A unique feature of Faster R-CNN is that the Backbone Network can be constructed along with popular and preferred CNN architectures (e.g., ResNet and MobileNet). In consideration of the time-consuming and expert involvement required in the lung lesion annotating process, we hypothesize that we should apply the transfer learning technique and fine-tuning strategy for training the model in order to be able to deploy the proposed solution in the multi-development phase. The idea was to first train only the Backbone Network of the Faster R-CNN as an image classifier for classifying lung lesions using roughly labeled data, i.e., lung lesions annotated for the entire image. Due to the abundant amount of lung lesion labeled (on entire image) data available, training the Backbone Network first as an image classifier will help it sufficiently capture the lesion’s characteristics. In urgent situations induced by the pandemic, this classifier may be deployed as an AI-powered lung lesion detection utility that provides overburdened medical professionals a second pair of eyes that support pneumonia COVID-19 diagnosis.
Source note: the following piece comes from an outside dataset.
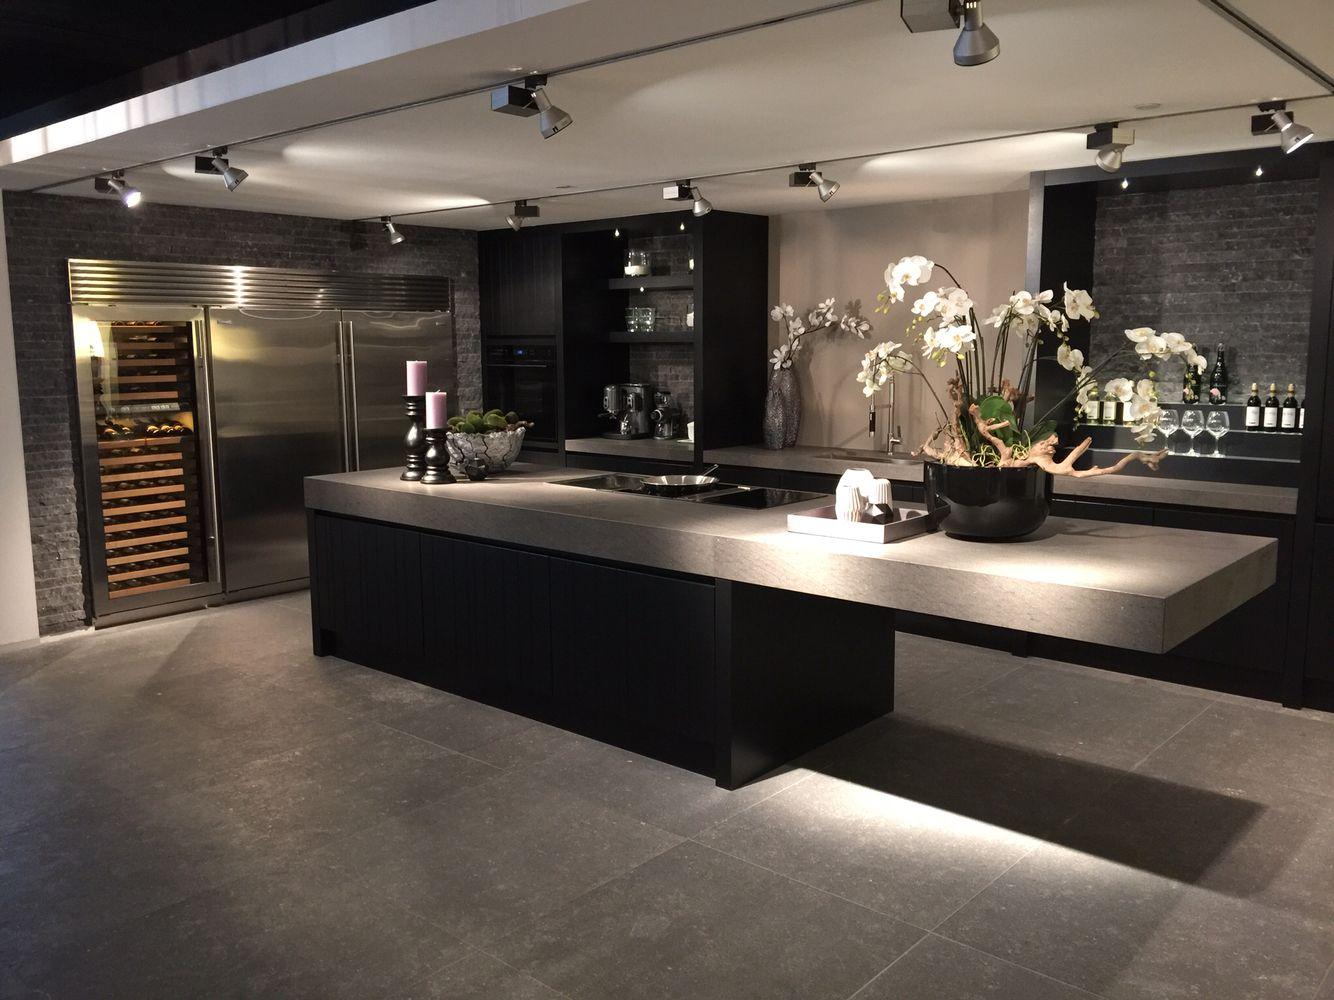 Mandemakers keuken rotterdam extra kamer maken op zolder beste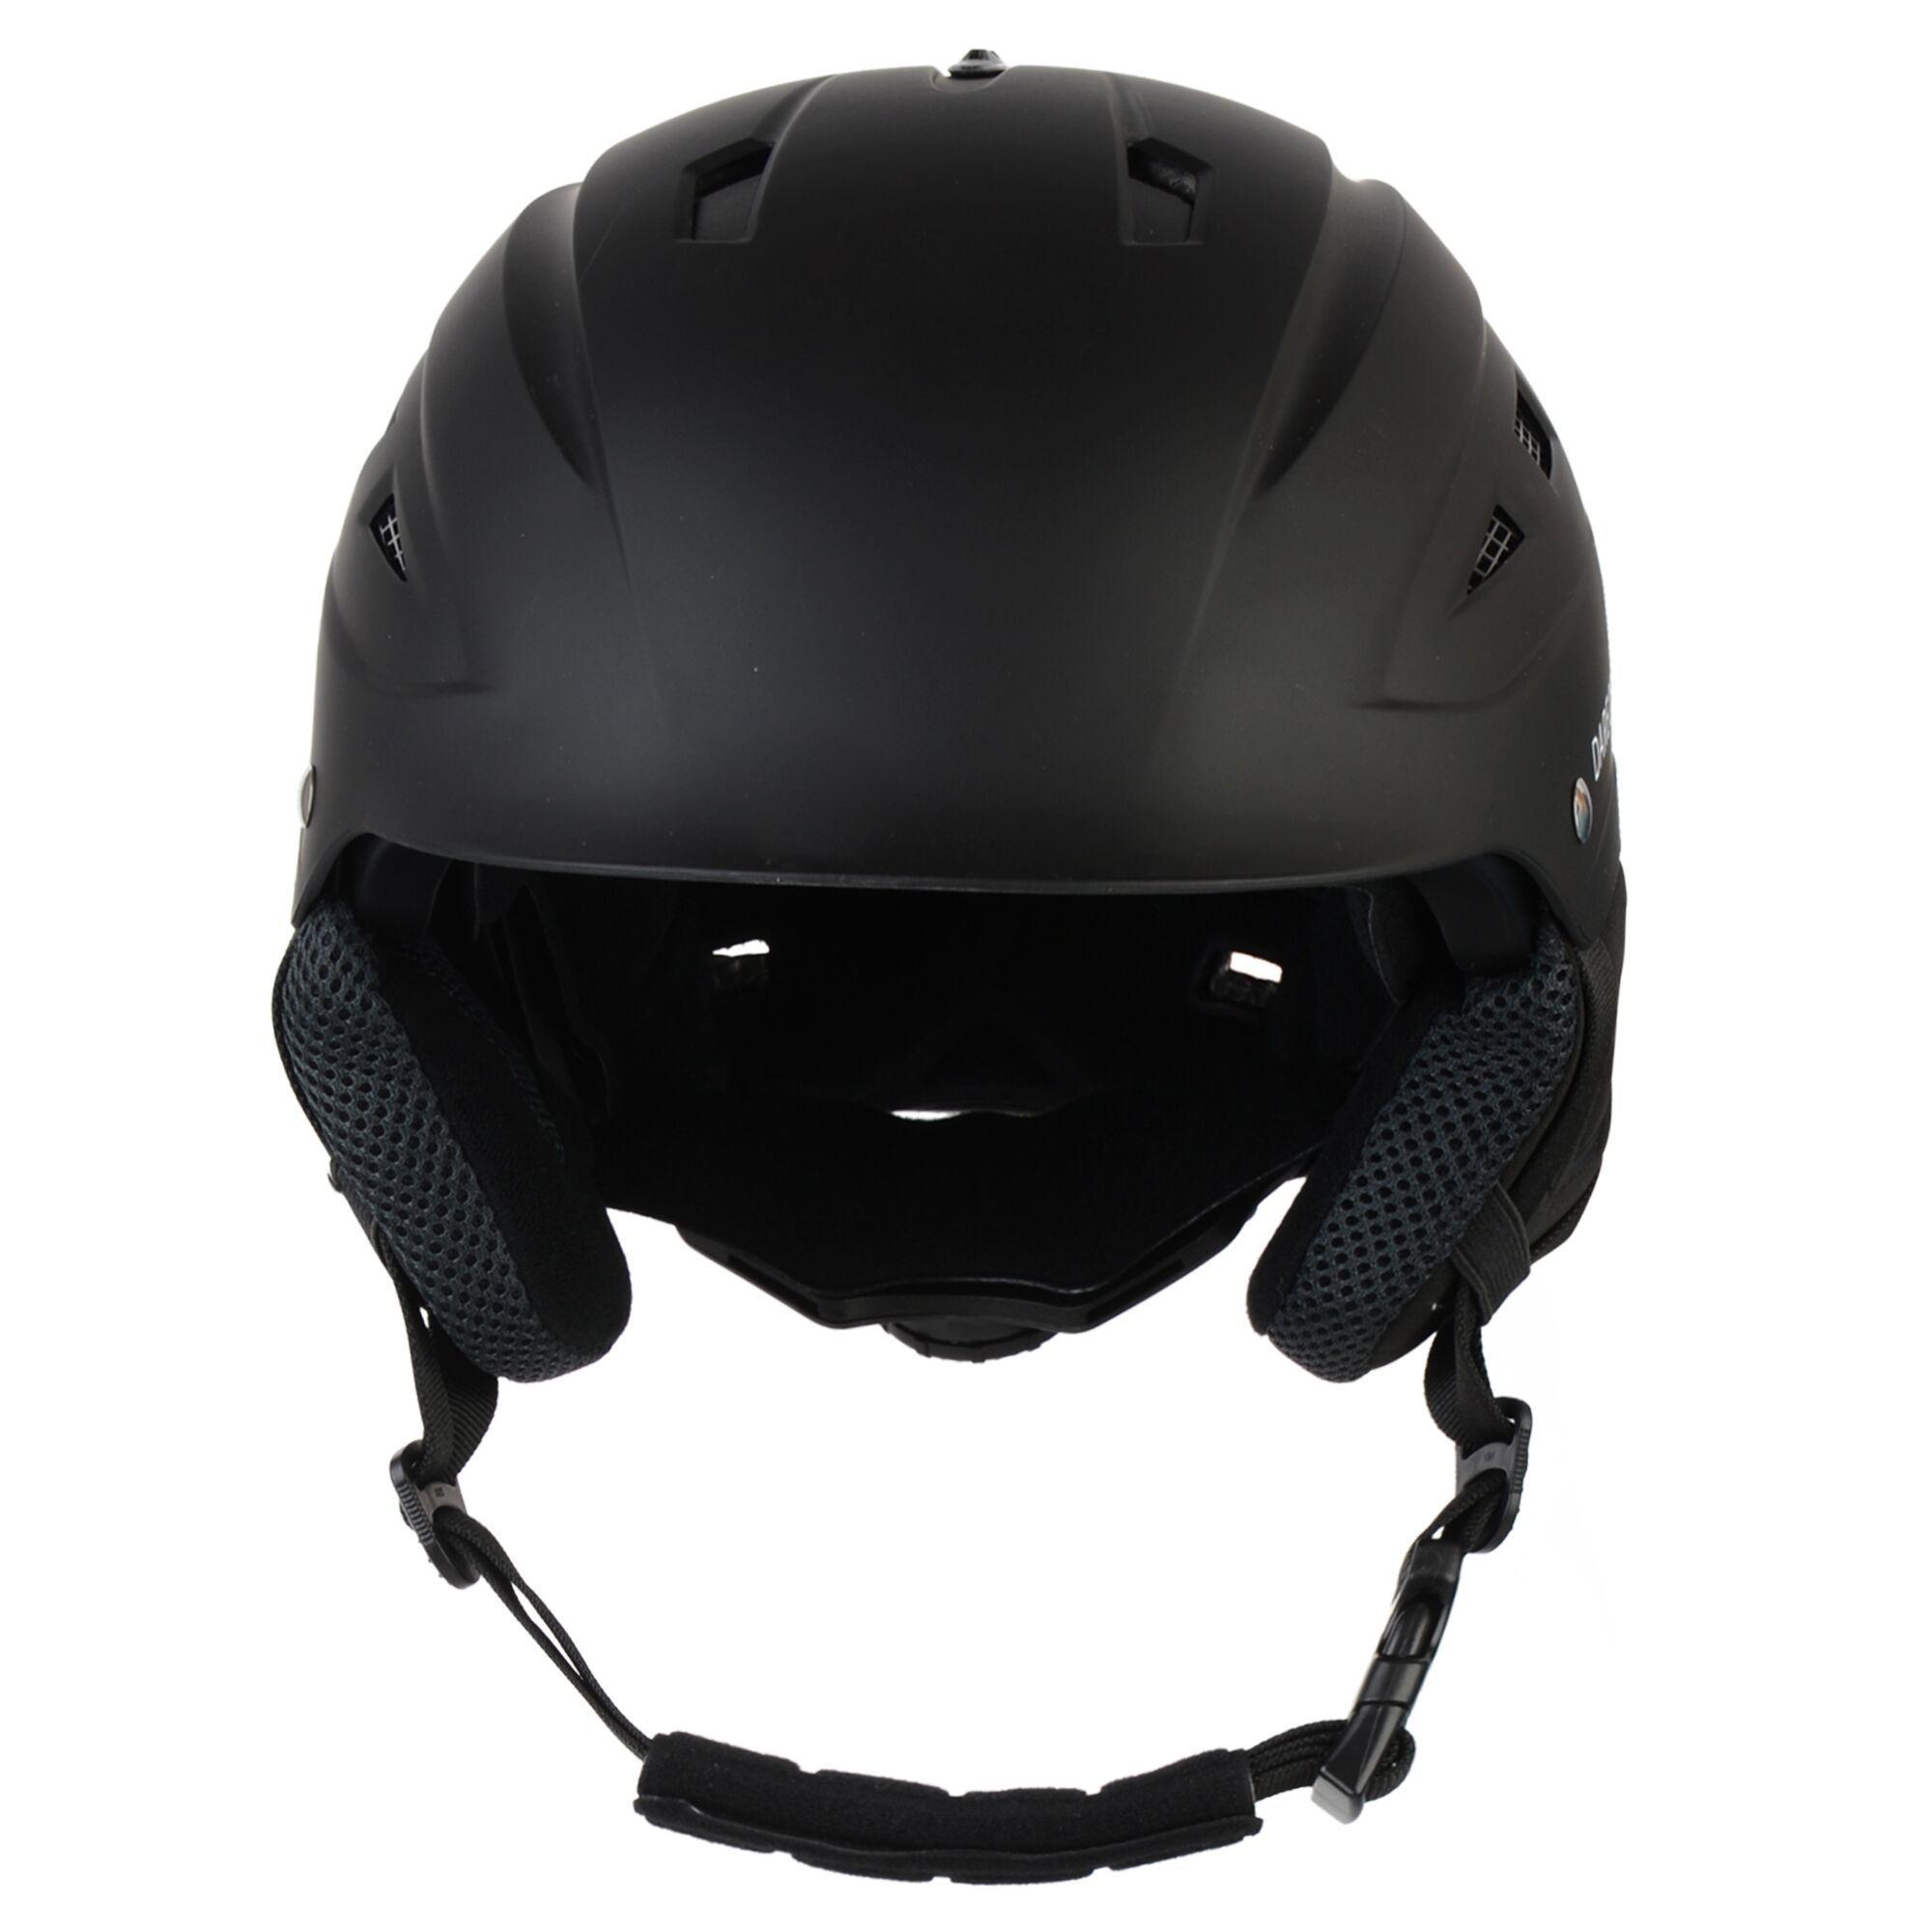 Dare 2B Childrens/Kids Cohere Ski Helmet

At the same time, we will annotate lung lesion properties. Because this process requires much time and medical expertise, we may only be able to produce a small volume of data compared to the lung lesion images without property labels. After acquiring a sufficient amount of annotated data, we will fine-tune the trained Backbone Network with the two remaining components of Faster R-CNN (i.e. Region Proposal Network and ROI). This process will help the trained Backbone Network evolve into a lung lesion property detector. The knowledge gained from previous training for lung lesion classification tasks will be transferred and fine-tuned to the lesion properties detection task by later annotated limited size data.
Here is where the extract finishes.